Circles upon Circles above Gemini South Observatory in Chile | NOIRLab

Circles upon Circles above Gemini South Observatory in Chile | NOIRLab

Unlike this image suggests, the sky has not suddenly become bright—it is just a photographic trick. Atop Cerro Pachón in Chile, many exposures of the dark night capture the stars’ journey across the sky, along with the setting Sun (far right), the headlights of a car passing by on the road (left), and the lasers of the adaptive optics on both Gemini South (middle) and Andes Lidar Observatory (left). Gemini South is one half of the International Gemini Observatory, operated by the National Science Foundation (NSF) NOIRLab, while the Andes Lidar Observatory is part of Cerro-Tololo Inter-American Observatory (CTIO), a Program of NSF NOIRLab. To the right, in the distance, sits NSF–Department of Energy (DOE) Vera C. Rubin Observatory, a joint initiative of the U.S. National Science Foundation (NSF) and the U.S. DOE Office of Science (DOE/SC), and operated jointly by NSF NOIRLab and DOE’s SLAC National Accelerator Laboratory.

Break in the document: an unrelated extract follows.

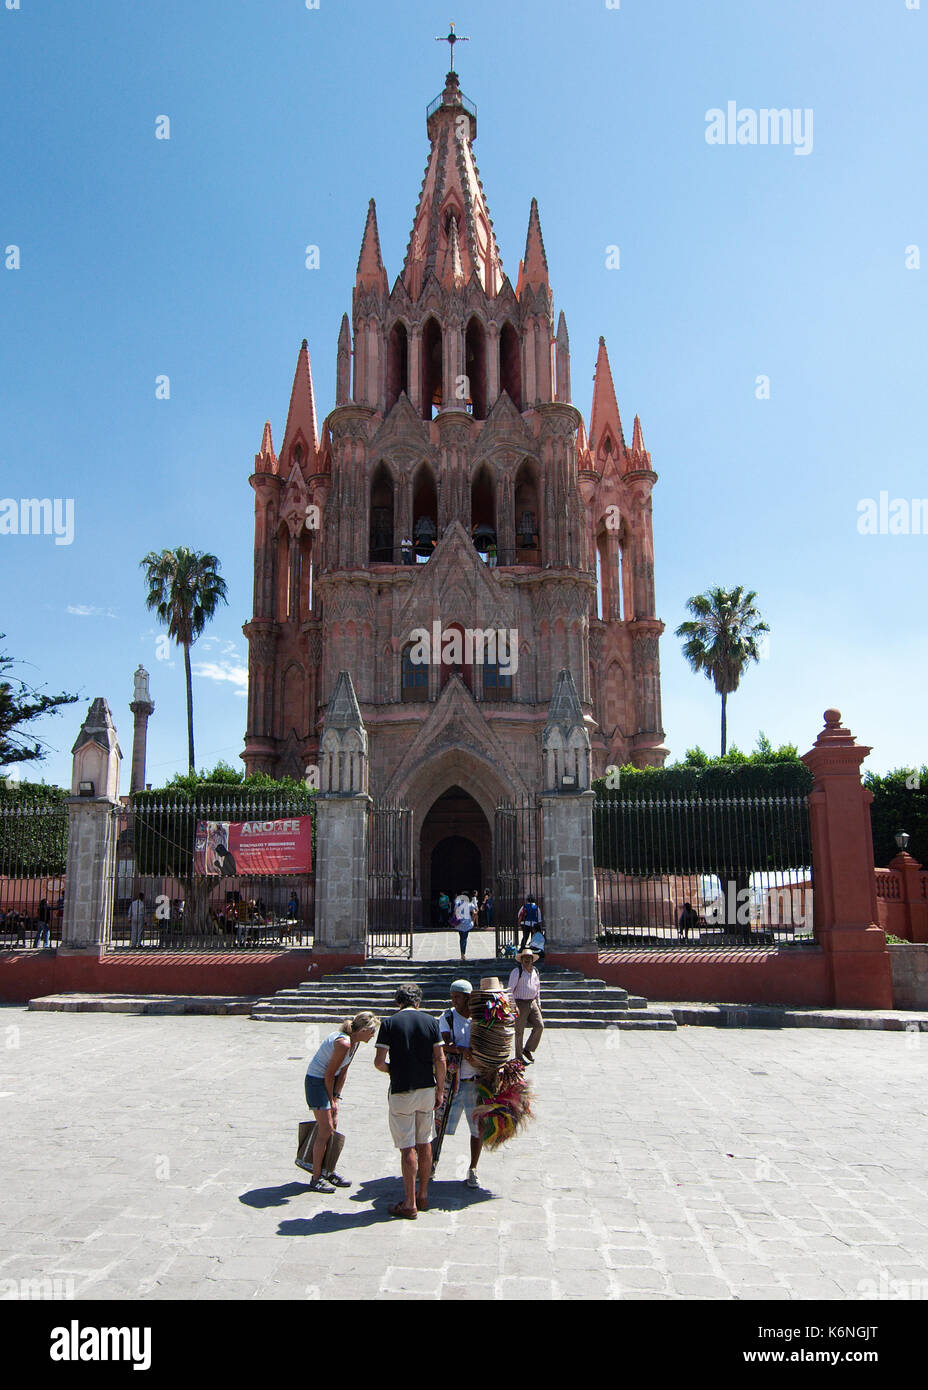 San Miguel de Allende, Guanajuato, Mexiko - 2013: La Parroquia de San Miguel Arcángel ist eine neugotische Kirche am Zocalo der Stadt. Stockfoto

Nights on the mountain top are pristinely dark, so capturing the right amount of light is key for astronomers and photographers alike, and they both use different techniques to do just that. The photographer and NOIRLab Audiovisual Ambassador Petr Horálek captured multiple images over the course of the night and then stacked them on top of each other, finding the perfect balance of dark and light for us to see the thousands of mesmerizing star trails.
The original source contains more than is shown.